Часа через полтора мы опять подымались вверх по бушующему Улсу. Наконец, добрались мы и до места. Первым делом устроили стан, для чего ободрали штук десять берез, и из бересты сделали крышу. Бересту клали на решетник, сделанный из тонкой ели и одним концом вбитой в землю, а другим положенной на толстую перекладину, укрепленную на двух столбах. Перед станом развели добрый костер и стали раскладываться.

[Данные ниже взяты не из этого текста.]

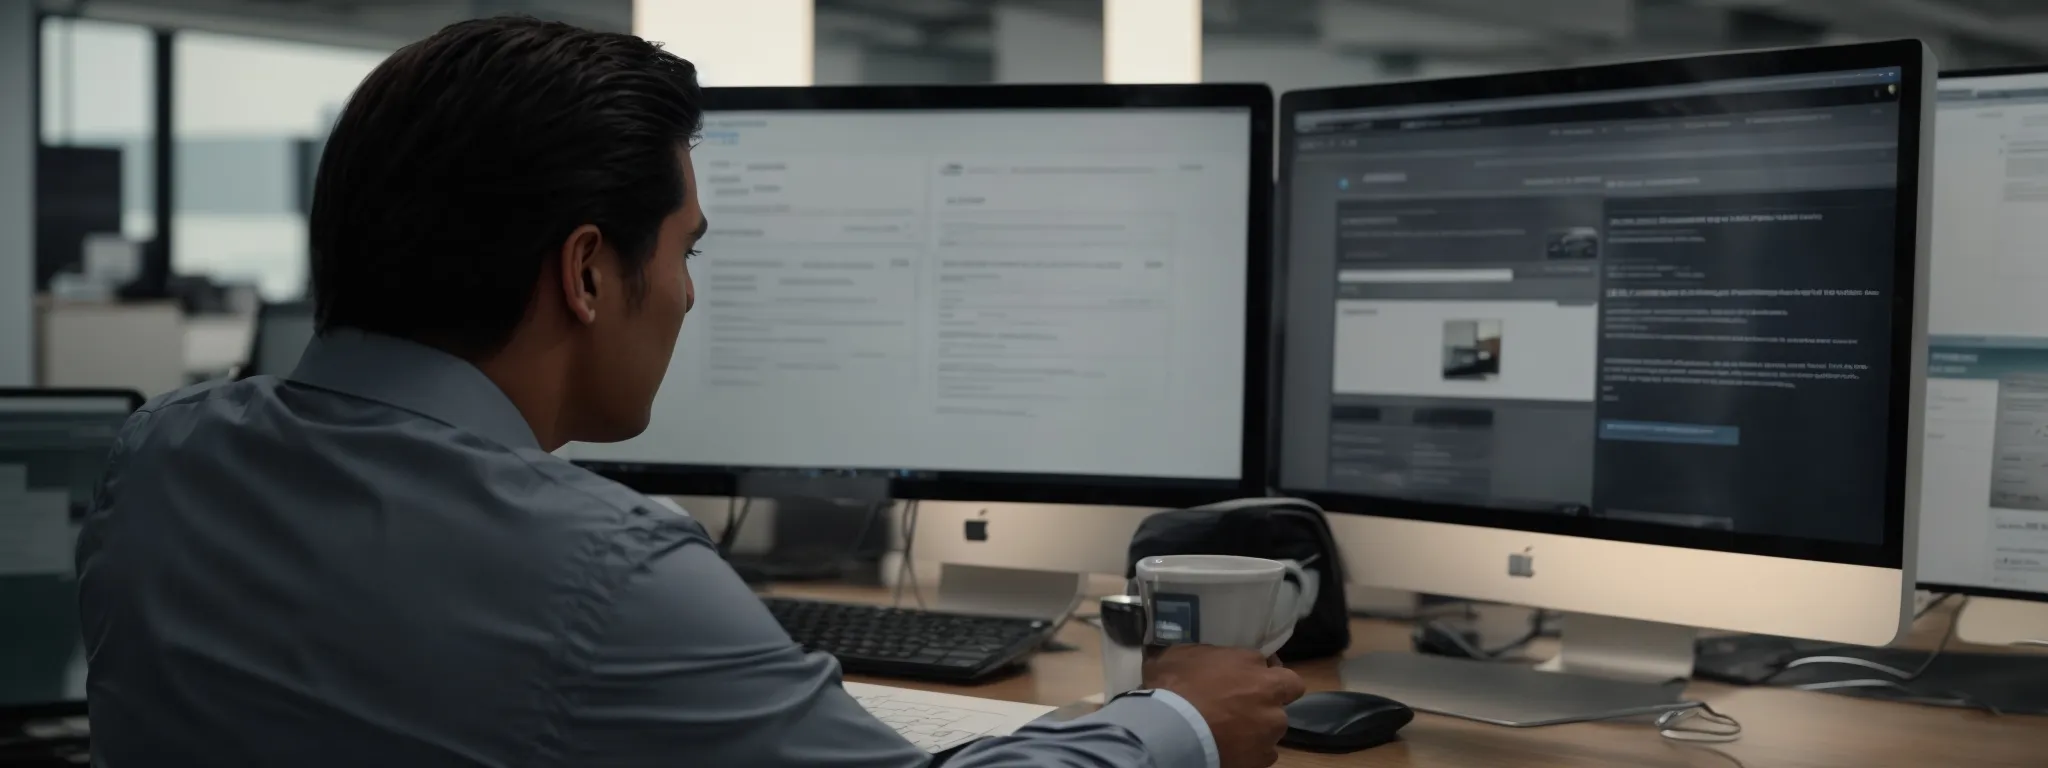 a dealership manager reviews a sleek website interface on a computer screen in a modern office setting.

Устроившись поудобнее, пошли осматривать местность — сухой лог, с целью определить, где и как бить шурфы. Назначили место для шуршов, раздали рабочим инструменты для работы и приступили к устройству вашгерта (устройства для промывки золотоносных песков. — Прим. редакции). К вечеру вашгерт был готов и мы, распределив рабочих по шурфам, легли и богатырски уснули.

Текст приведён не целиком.